La orden presidencial tiene el rango de acto-ley. Podrá estar viciada constitucionalmente, pero juega en un nivel de normas muy superior.

El juez de Distrito no juega en esa liga, salvo para impedir la aplicación de la norma impugnada en la persona que lo solicitó y para nadie más. Eso se llama “principio de relatividad” de la sentencia constitucional.

En un país grande, como lo es México o Estados Unidos, son centenares los jueces de Distrito y puede suceder que cada uno resuelva con criterio distinto. Eso se llama “contradicción de tesis” y con eso no quedaría en claro si la ley impugnada se anula o queda vigente, en tal o cual territorio y para tal o cual persona. Así sucedió en el caso que nos ocupa. Anulada o vigente en cada mitad del país.

Para esto, el tribunal constitucional tiene que ser supremo y, por lo tanto, único, a efecto de evitar contradicciones. Esos tribunales constitucionales únicos son las cortes supremas. Hasta su nombre las explica por sí solas.

En nuestro asunto, la Suprema Corte tan sólo resolvió que los jueces de Distrito no tienen facultades porque no es lo mismo competencia que jurisdicción. Esto es un tema muy delicado en la materia procesal.

La Suprema Corte no entró al fondo del asunto. No se pronunció sobre la constitucionalidad o inconstitucionalidad de la orden presidencial. Eso tendrá que resolverlo en otro juicio exprofeso para ello.

Mientras tanto, yo considero que están a salvo los derechos de fondo de los migrantes impugnantes y de sus hijos.

Ahora, veamos algunas sombras, una vez que vimos algunas luces. La puerta está abierta para que:

La Suprema Corte ejerza la facultad de certiorari, vocablo latino que equivale a nuestra facultad de atracción. Con ello, abordaría el fondo del asunto y tendría la plena potestad para anular la orden ejecutiva presidencial.

La Suprema Corte podría considerar que el presidente de Estados Unidos violó la enmienda 14 de su constitución, que en mucho equivale a nuestro artículo 14 constitucional. Vaya coincidencia numérica y normativa.

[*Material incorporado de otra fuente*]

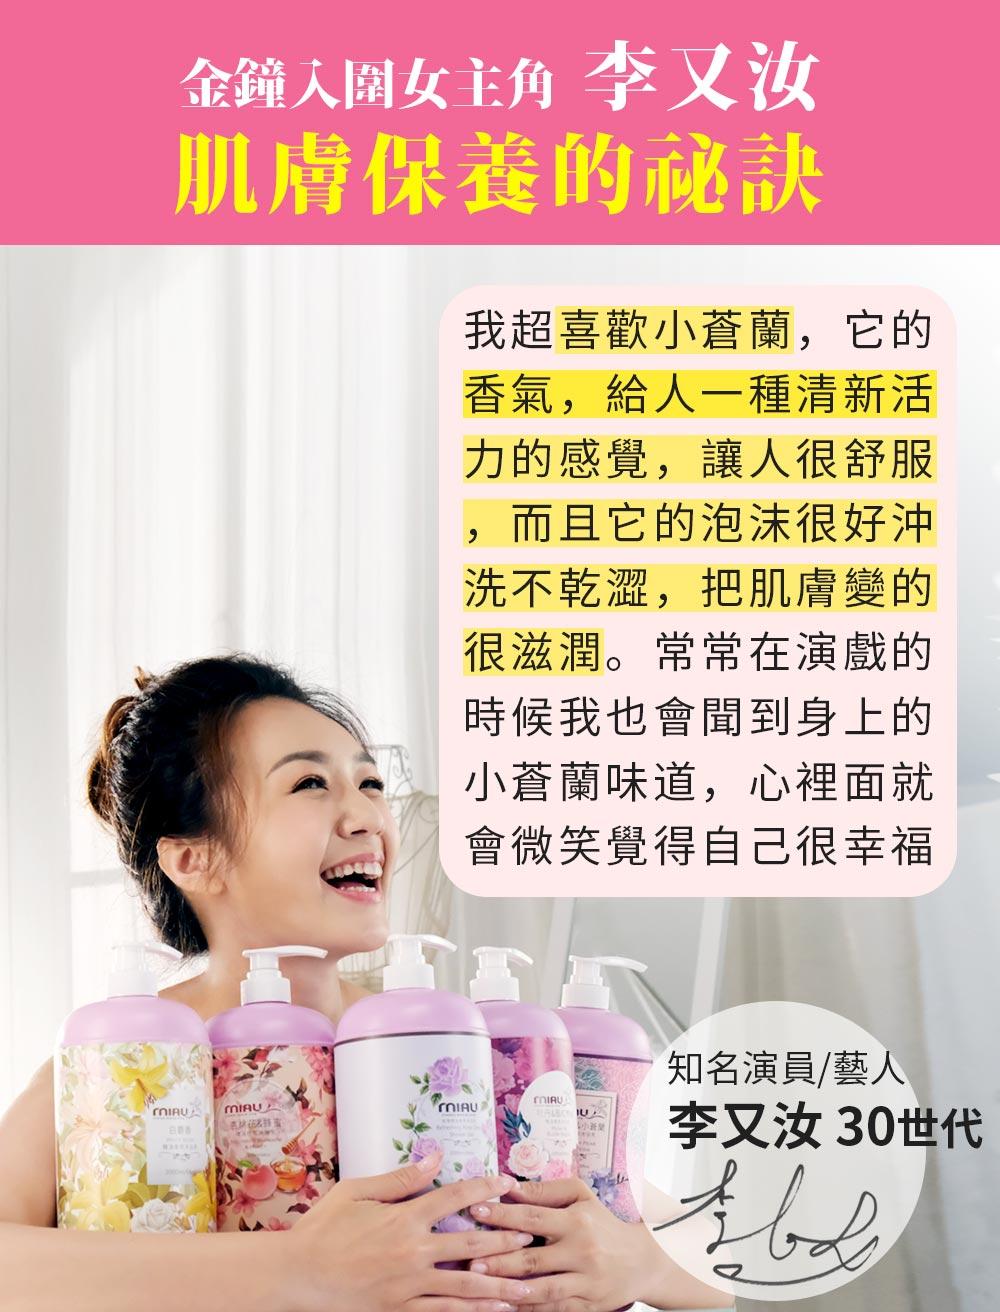 18-李又汝肌膚保養的祕訣

Es inconstitucional porque priva de derechos fuera de juicio, principio de “ejecución procesal”. Se tendría que sustanciar un juicio por cada persona y no un escopetazo punitivo.

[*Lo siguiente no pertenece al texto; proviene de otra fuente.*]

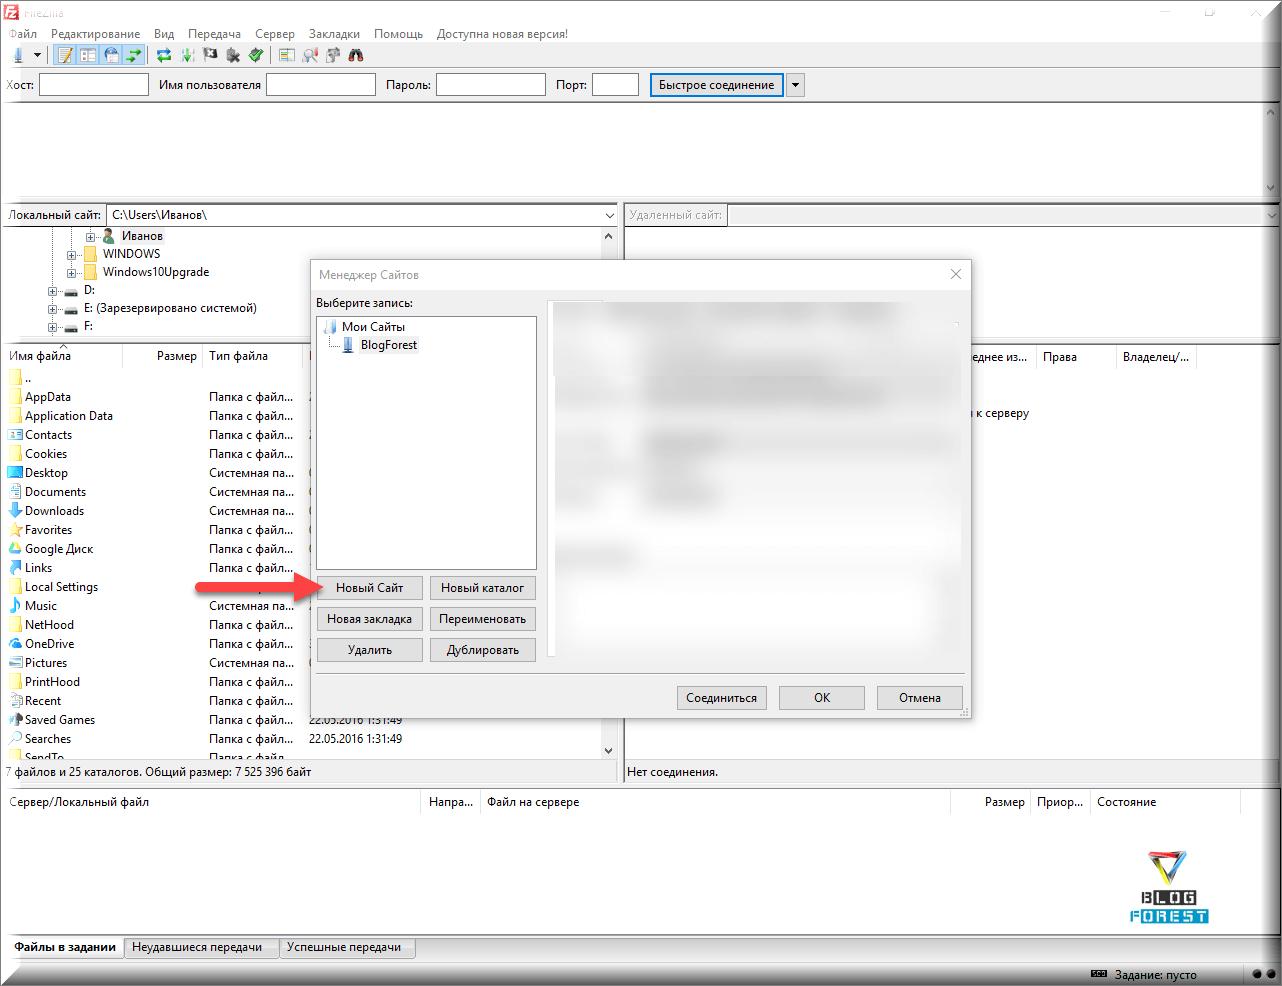 FileZilla создать новый сайт

Es inconstitucional porque se aplica de manera retroactiva. Principio de “irretroactividad de las normas”. Castiga faltas que se cometieron años antes de la nueva norma.

Es inconstitucional porque se aplica de manera trascendente y castiga unos por las faltas de otros. Principio de “intrascendencia de las normas penales”. Castiga a los nacidos por lo que hicieron sus ancestros.

Es inconstitucional porque hace distinciones étnicas improcedentes y prohibidas. Principio de “no discriminación”. Sin mayor comentario.

Es inconstitucional porque deja sin nacionalidad a nacionales estadunidenses. Principio de “apatricidad”. En ningún país civilizado se puede privar de la nacionalidad por nacimiento.

En fin, hasta el momento es mucho el “mar de fondo” de esta resolución. Los constitucionalistas y los penalistas nos pasaríamos días para resumirlo y meses para discutirlo. Yo prometí y cumplí con hacerlo en pocos minutos.

La Suprema Corte de Estados Unidos ha tenido muchos días de luz y muchos días de sombra. Recordemos a algunos de sus presidentes. La alteza que acompañó a John Marshall todavía nos inspira. La incomprensión que acosó a Earl Warren todavía nos conduele. La bajeza que embarró a William Rehnquist todavía nos repugna.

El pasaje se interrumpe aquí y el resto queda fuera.